Secure Your Important Documents

Posted by Ray Barry

You may think that keeping important documents in a lock filing cabinet is enough security, but with today's technology, electronically storing documents is much safer. You can assign levels of confidentiality and assign employees levels of confidentiality for access. Furthermore, when it's time to purge files, you don't have to worry about choosing a shredding company that you trust. A side benefit is that you have extra space that is no longer taken up by filing cabinets.

Secure Your Important Documents

When you set up an electronic document repository, put a security plan in place. The plan should allow you to administer the repository and add and delete employees easily. Some considerations include:

  • Storing documents with same types of confidentiality like classification folders;

  • Assigning employees different classification levels for access or denied access to certain classified documents;

  • Using inheritance to apply security settings over groups of documents, rather than assigning each document its own security classification; and

  • Auto filing documents to reduce the risk of misfiling.

When you arrange your document filing according to confidentiality classification, you'll find it easier to manage document security.

Mobile Access

Should you and your employees have access to documents on mobile devices such as smart phones, tablets and laptop computers, disable the automatic log in function. This will for anyone with access to the mobile device to log in each and every time. While that could be inconvenient, especially for someone who accesses documents frequently, it increases security if someone loses a mobile device or if the device gets stolen.

Risky Practices

Eliminate risky practices such as allowing downloading and temporarily storing documents in clear text on generic USB devices, moving confidential documents to Dropbox and downloading documents to a public drive. Make sure any document sharing capabilities are defined in your office's security plan, and that those capabilities are truly secure.

Also, ensure that employees know where they can securely send documents within the organization. For example, a partner should not be sending confidential documents to a receptionist or other office worker if that person or his or her area of office does not have the proper security clearances.

Information Classification

When you create a classification system for documents, be sure that all employees understand the classification system and that all documents are tagged appropriately. Since many people do not read policy manuals, publish the information classification system in a separate manual.

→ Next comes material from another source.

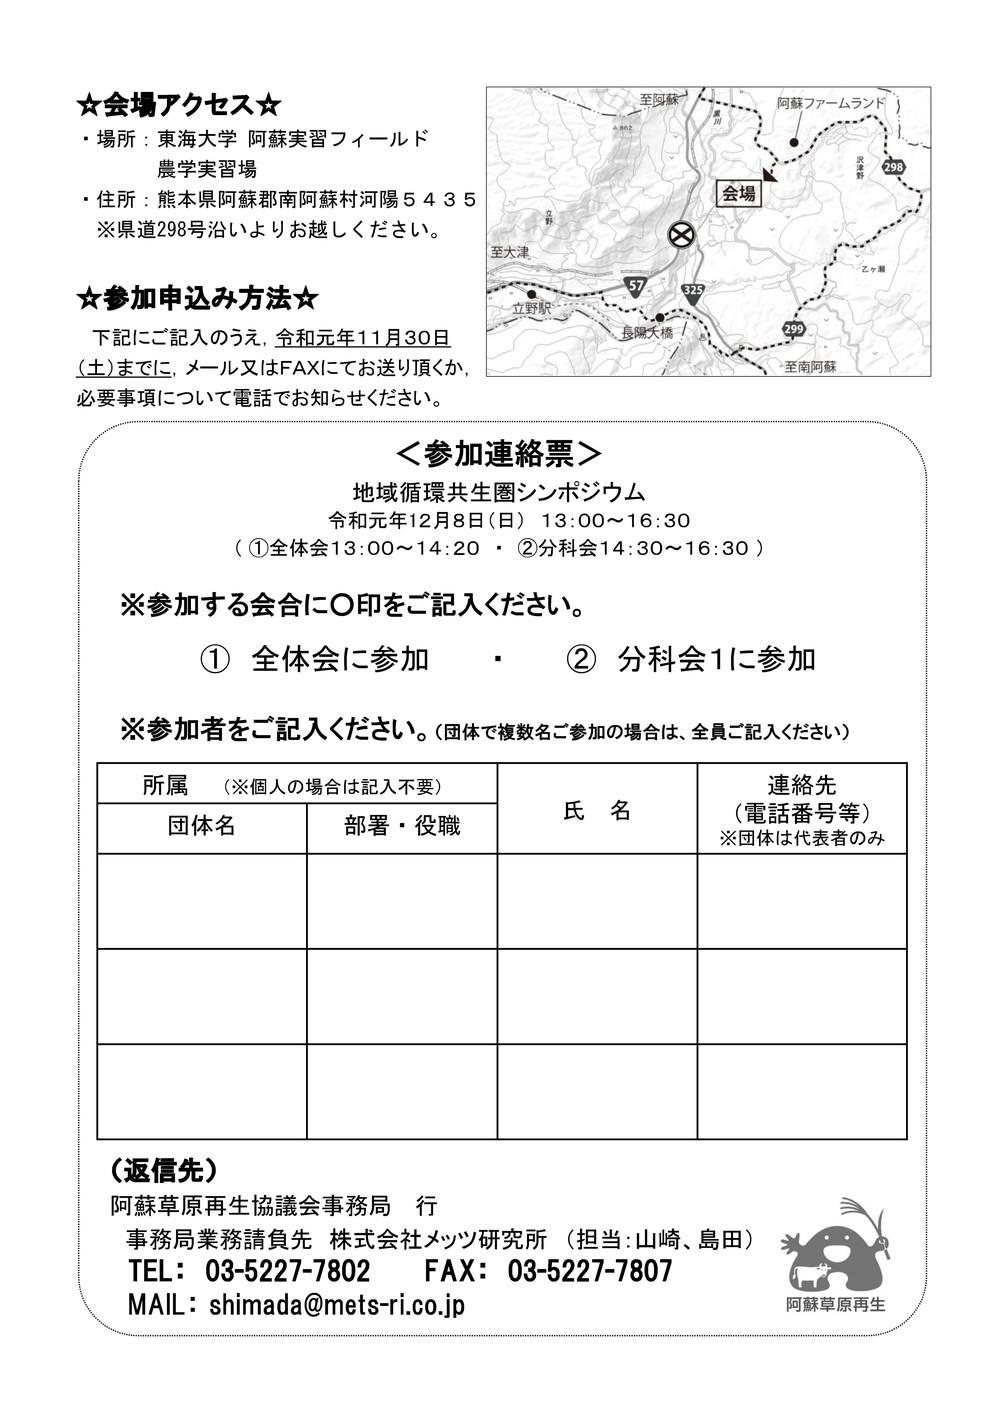 「阿蘇草原の新たな可能性」について学びませんか?_a0114743_09265322.jpg

The classification system should also be implemented in the technical infrastructure so that it's easy to find and understand. Keep the classification system simple. If it's too complex, employees are less likely to follow it.

Document Disposal

When you have physical documents, they must be shredded to prevent identity theft. Once shredded, the documents should be burned so that there is no chance of them being recreated. Once documents leave the shredder, they make their way to a dump where bags of your shredded classified documents may sit in an unlocked area, just waiting for someone to comb through them.

When you have electronic documents, hardware – hard drives, flash drives and other digital storage devices – tend to break over time.  Learn more about hard drive destruction from Carolina Shred. Or, you may want to upgrade to a larger hard drive. Once you copy your confidential documents to the new hardware, you will need to dispose of the old hardware.

Keep in mind that even though you deleted the information off the old hardware, it's not really gone. With the proper knowledge and software, anyone could find those deleted documents since they are not really deleted. The safest way to ensure that no data can be recovered is to destroy the hardware so that it can no longer be used. One good whack with a hammer isn't enough. The actual disc must be destroyed, along with the case and electronics on the hard drive. Your data is safe only when you completely destroy the hardware so that it cannot be put back together.